„Ja, wenn sich alles dreht, wenn sich alles dreht“- dieser Liedtext Jacques Brels, von Michael Heltau interpretiert, fällt mir ein, wann immer ich an das Karussell in Maria Anzbach denke oder es besuche.
Gegründet wurde der Trägerverein „Soziales Miteinander im Wienerwald“ im Jahr 2016. Angetrieben wird es von der Obfrau Judith Aschenbrenner mit den circa 20 Mitarbeitern und vor allem Mitarbeiterinnen, die allesamt ehrenamtlich tätig sind. Dass an den Verkaufstagen mittwochs von 16h – 18.30h und samstags von 10h – 12.30h alles geordnet und übersichtlich bereitsteht, wird von den sogenannten „Räumteams“ vorbildlich in den jeweiligen Abteilungen aufbereitet.
Den Start des Karussells haben die Grünen in Eichgraben, Neulengbach und Maria Anzbach durch monetäre Zuwendung erst möglich gemacht. Einen Container, der als Möbellager fungiert, hat die Gemeinde Altlengbach beigesteuert. Besonders erwähnenswert ist die Familie von Gerda Pichler, die für die zur Verfügung gestellten Räumlichkeiten eine wirklich kulante Miete verrechnet. So kann nach Abzug der Betriebskosten dem eigentlichen Zweck gedient werden: Zu helfen, wo der Schuh drückt. Ausbildungskosten, Fortbildungskosten, Fahrtkosten, Ausstattung für Bedürftige über Sachspenden, Schulanfangszuwendungen, Beiträge zu Schullandwochen, Mietkosten, Heizkosten und vieles mehr. Wie zum Beispiel die Organisation und Übernahme der Transportkosten von 12 Tonnen Ware inklusive einer Sachspende von je einer Tonne Salz, Zucker und Waschpulver nach der Explosionskatastrophe im August 2020 in Beirut.

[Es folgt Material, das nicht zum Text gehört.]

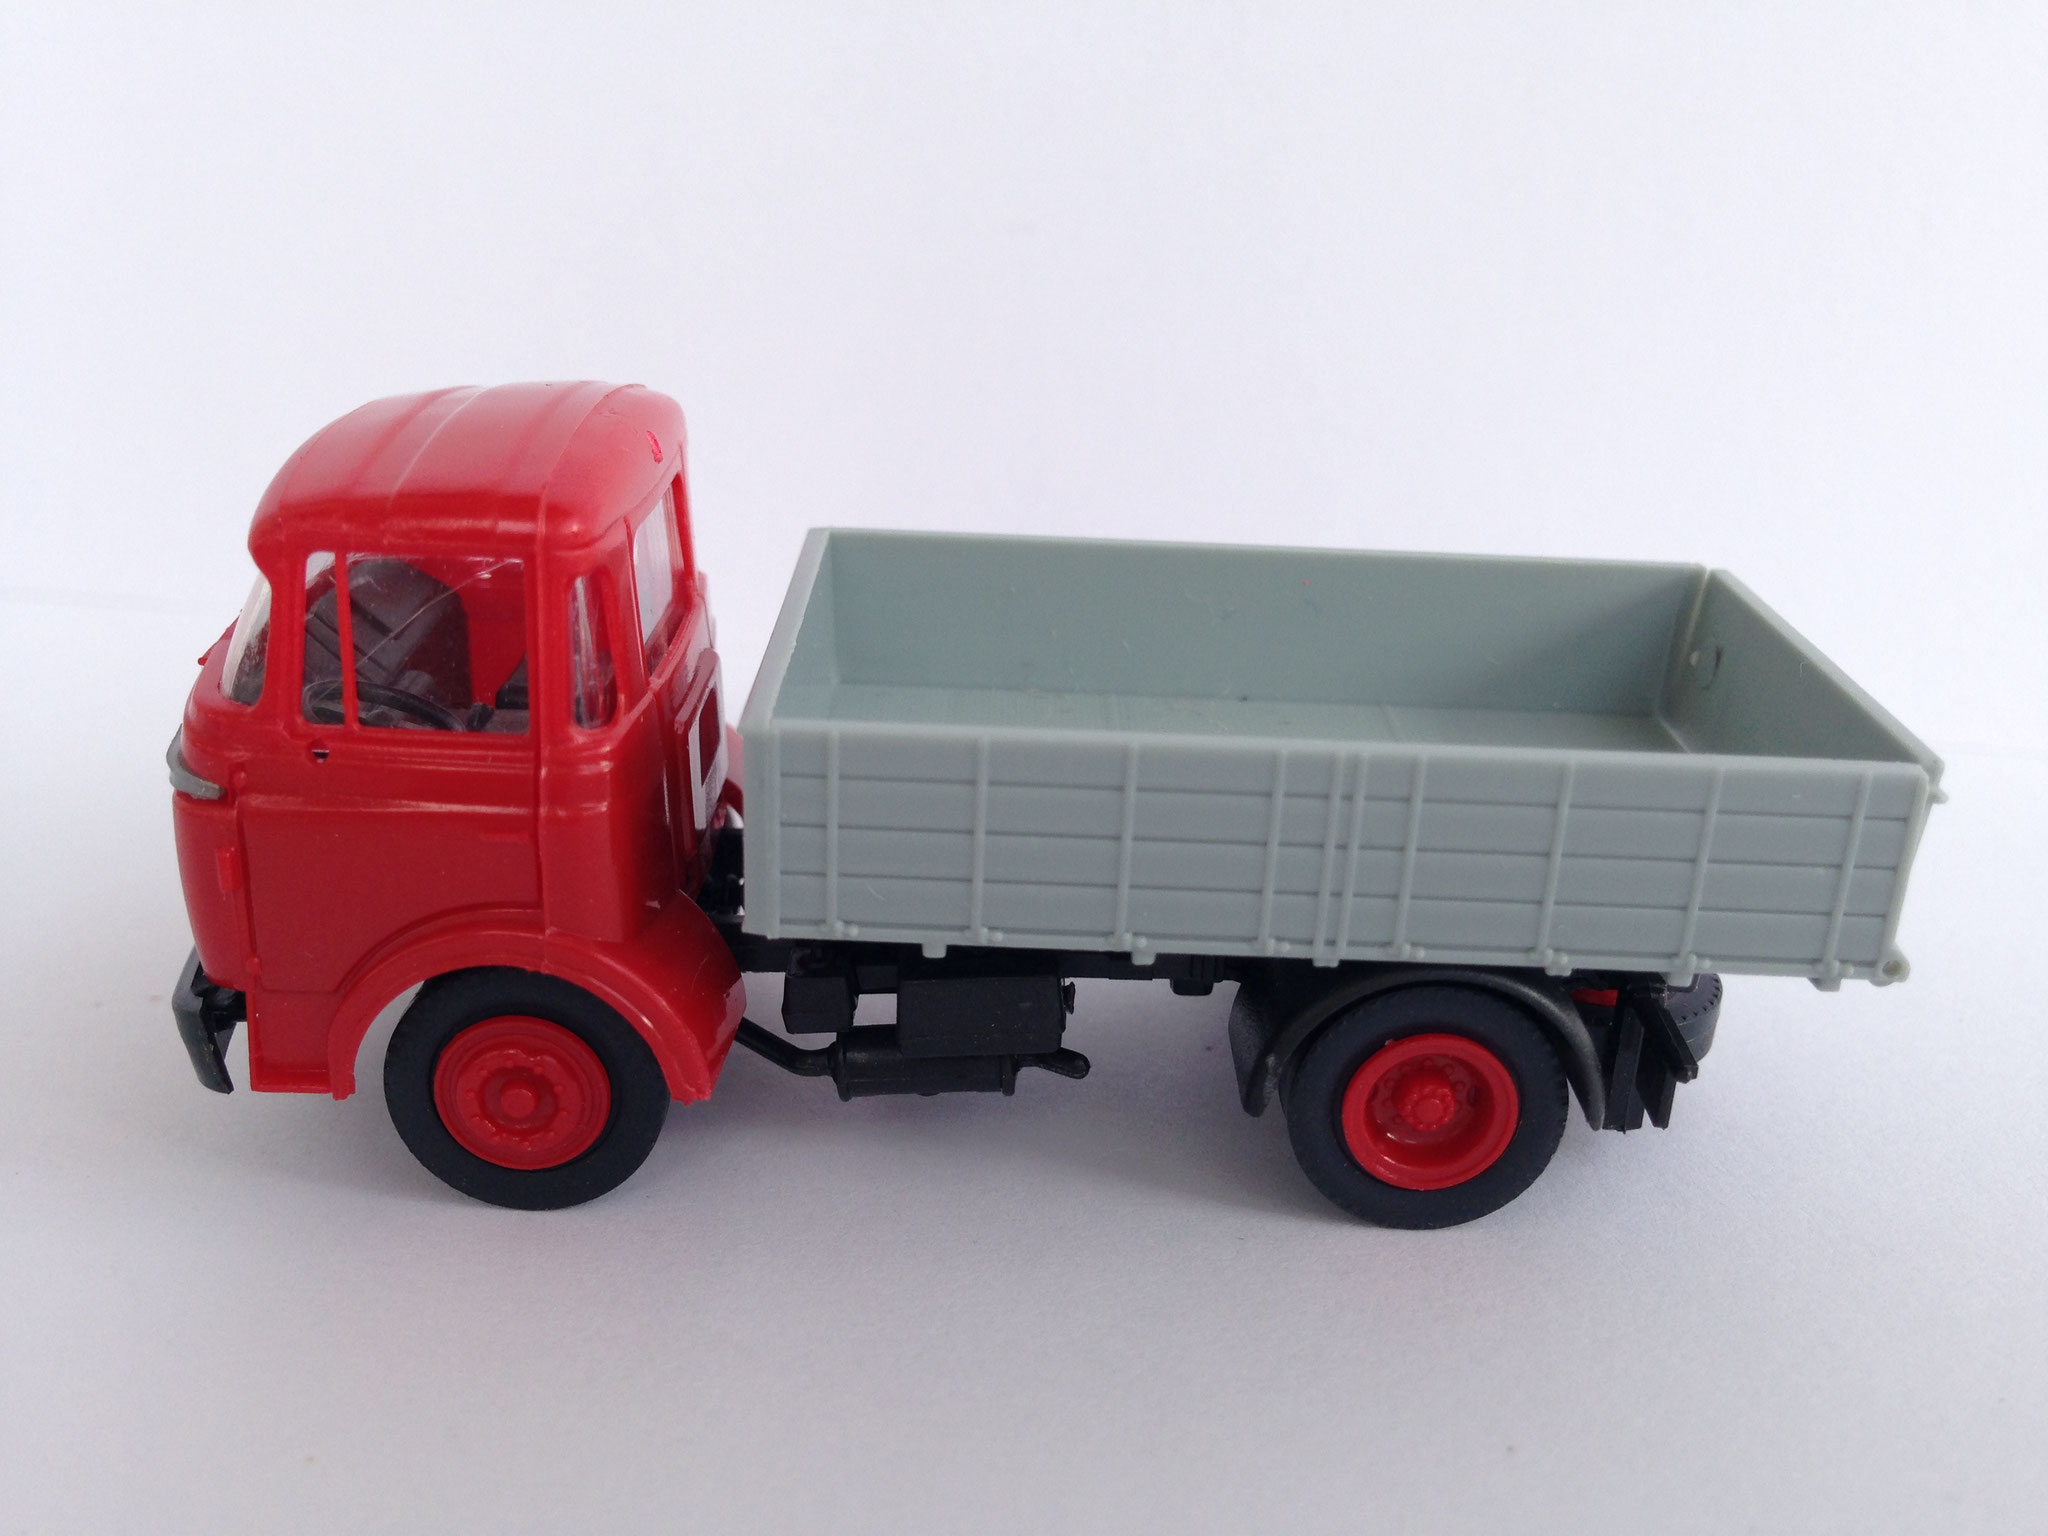 2-Achser Kleinlastwagen mit Pritsche, Art. Nr. 474 (ab 1987 im Programm)

All das ist natürlich auch den vielen Menschen zu danken, die dem Karussell regelmäßig einen Besuch abstatten und Unterschiedlichstes vorbeibringen. Manches Mal in so großen Mengen, dass sogar ein Übergabetermin außerhalb der Öffnungszeiten notwendig ist. So ist das Karussell auch ein Ort der Begegnung, der Befreiung des Überschusses, des Tausches, des sich Austauschens, des Stöberns, des Schnäppchen-Jagens und vieles mehr. Auf alle Fälle auch ein Platz des Gemeinwohls, der gegenseitigen Wertschätzung und Achtung. Das schafft Identität mit dem uns umgebenden Lebensraum und einer funktionierenden Zivilgesellschaft.
Ein nicht unwesentlicher Aspekt dieser Initiative ist auch die damit einhergehende Ressourcenschonung, die vielen in diesem Ausmaß gar nicht bewusst ist. Einige Beispiele aus der Textilabteilung sollen das verdeutlichen.
Die CO2 Emissionen eines T-Shirts liegen circa bei 11 Kg. Das ist in etwa das 50-fache des Eigengewichts. Dazu kommen noch mehrere Kilogramm Chemikalien.
Um sich das besser vorstellen zu können, ist der Wasserverbrauch ein guter Parameter. Alle Produktionsschritte berücksichtigend, verbraucht eine Jeanshose, bis sie verkaufsfertig ist, in etwa 7000 Liter. Bei einem T-Shirt sprechen wir von bis zu 4100 Liter. Eine Badewannenfüllung beträgt im Schnitt 150 Liter Wasser.
Meiner Ansicht nach hat es sich so ein Kleidungsstück auch verdient, lange getragen zu werden und sich auf mehreren Besitzer:innen zum Ausdruck bringen zu dürfen.
Diese Ressourcenschonung und der Nachhaltigkeitsgedanke sind für den Großteil der Besucher und Besucherinnen ein wesentliches Motiv, regelmäßig das Karussell zu beehren.
So wie jeder und jede willkommen ist, so viel zu kaufen wie er oder sie möchte, so sind ohne Altersgrenze auch jene willkommen, die sich vorstellen können mitzuhelfen, damit sich das „Kurradsch“, das aus dem Arabischen kommend seit dem Mittelalter zum Karussell wurde, weiterdreht.